In QTL mapping in pigs it is common to generate an F_{2} cross of different, ideally divergent selected, breeds. As generating such a cross in dairy cattle is a time-consuming and costly process, most dairy cattle QTL experiments used the existing male half-sib structure by setting up the so-called granddaughter design (Weller* et al.* 1990). In this design the pedigree consists of sets of genotyped and progeny-tested male half-sib families. The power to detect QTL in a granddaughter design is largely influenced by the size of the half-sib families, which has its limit in the availability of progeny-tested sons. Interval mapping is one of the most applied statistical methods in the analysis of granddaughter designs. This method uses information from consecutive informative markers simultaneously to trace the inheritance of a putative QTL (Knott* et al.* 1996). A drawback of this approach is that it does not take into account QTL outside the respective marker interval or even QTL on other chromosomes. This might result in a bias of the QTL parameter estimates and in a reduced power of the experiment, because the variance explained by additional QTL appears in the residual of the applied interval-mapping model. To overcome these limitations Jansen (1993) proposed composite interval mapping. This method considers putative QTL in the respective marker interval as well as QTL outside this interval by adding markers as cofactors to the model. It was developed mainly for inbred line crosses but was not commonly used in outbred populations like granddaughter designs, mainly due to the variability of the information content and due to different haplotypes across half-sib families (Hoeschele* et al.* 1997). Recently, de Koning* et al.* (2001) proposed a recursive strategy for interval mapping in outbred populations that allows the inclusion of multiple QTL. Their method included the QTL transition probabilities at the estimated position of QTL that are outside the marker interval under consideration in the model rather than single markers outside this interval.

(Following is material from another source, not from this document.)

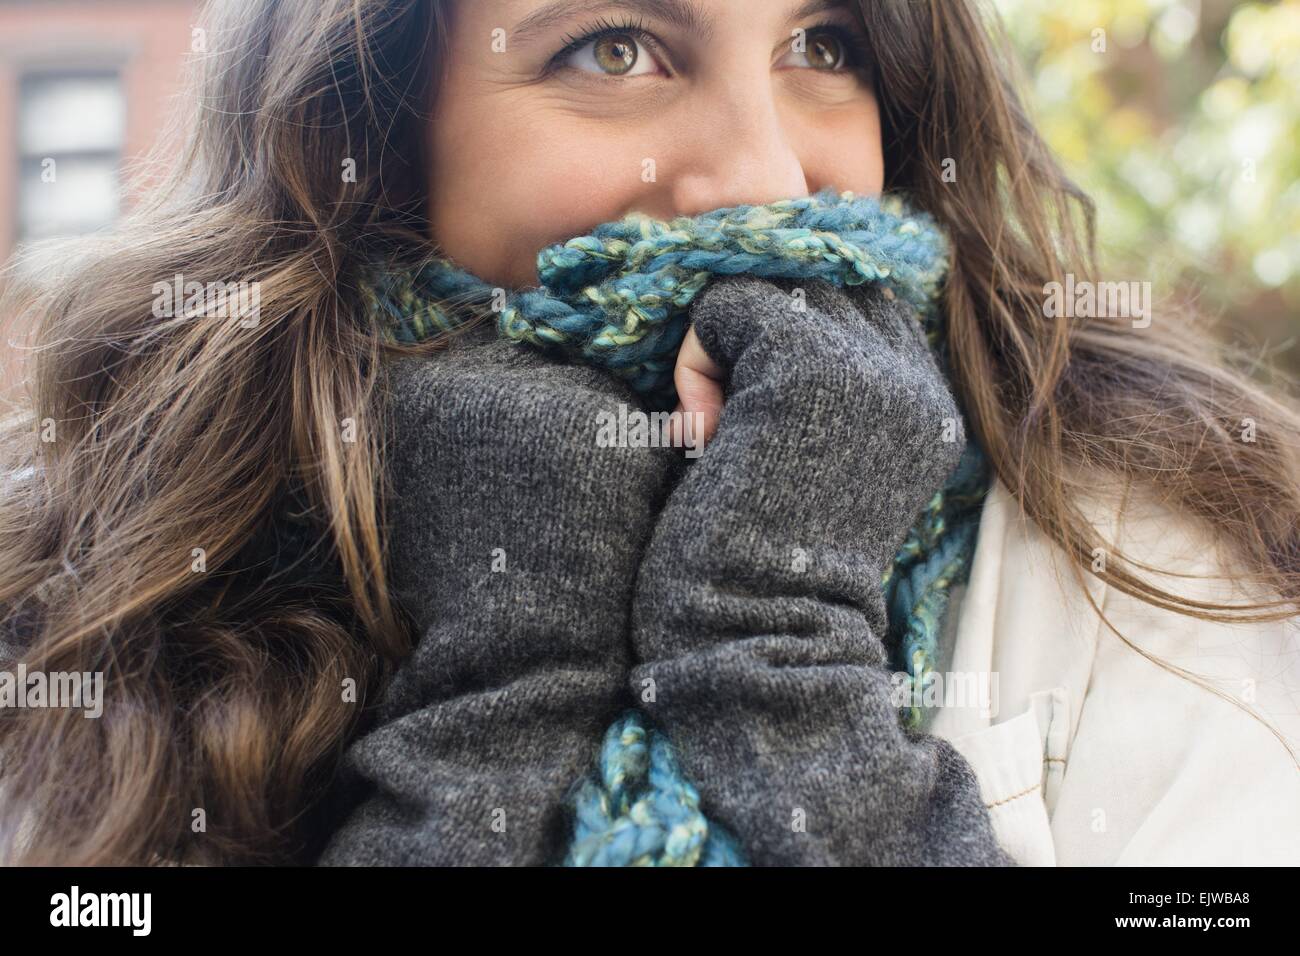 Stati Uniti d'America, nello Stato di New York, New York, Brooklyn, giovane donna nasconde il suo volto dietro la sciarpa Foto Stock

In chromosome or genome scans multiple tests that are not independent are usually performed. It is a common practice to control the chromosome- or genomewise type I error rate of these multiple tests by estimating the corresponding threshold levels by a permutation test (Churchill and Doerge 1994). These threshold levels are trait specific and it is to date still not clear how to estimate threshold levels across traits by use of the permutation test. Further, the application of a stringent significance criterion reduces the type I error rates, but increases the type II error rate defined as the probability that a present QTL will be missed and consequently reduces the power of the experiment. The application of the false discovery rate (FDR; Benjamini and Hochberg 1995) instead of the type I error rate is a useful statistical tool to overcome these two disadvantages. Roughly speaking, the FDR is defined as the expected proportion of false positives among all rejected null hypotheses. It was introduced by Weller* et al.* (1998) in QTL mapping. Recently, Storey and Tibshirani (2003) developed a FDR test procedure that is less conservative in comparison to the FDR procedure proposed by Benjamini and Hochberg (1995) and is tailored to genomewise experiments such as DNA microarray experiments.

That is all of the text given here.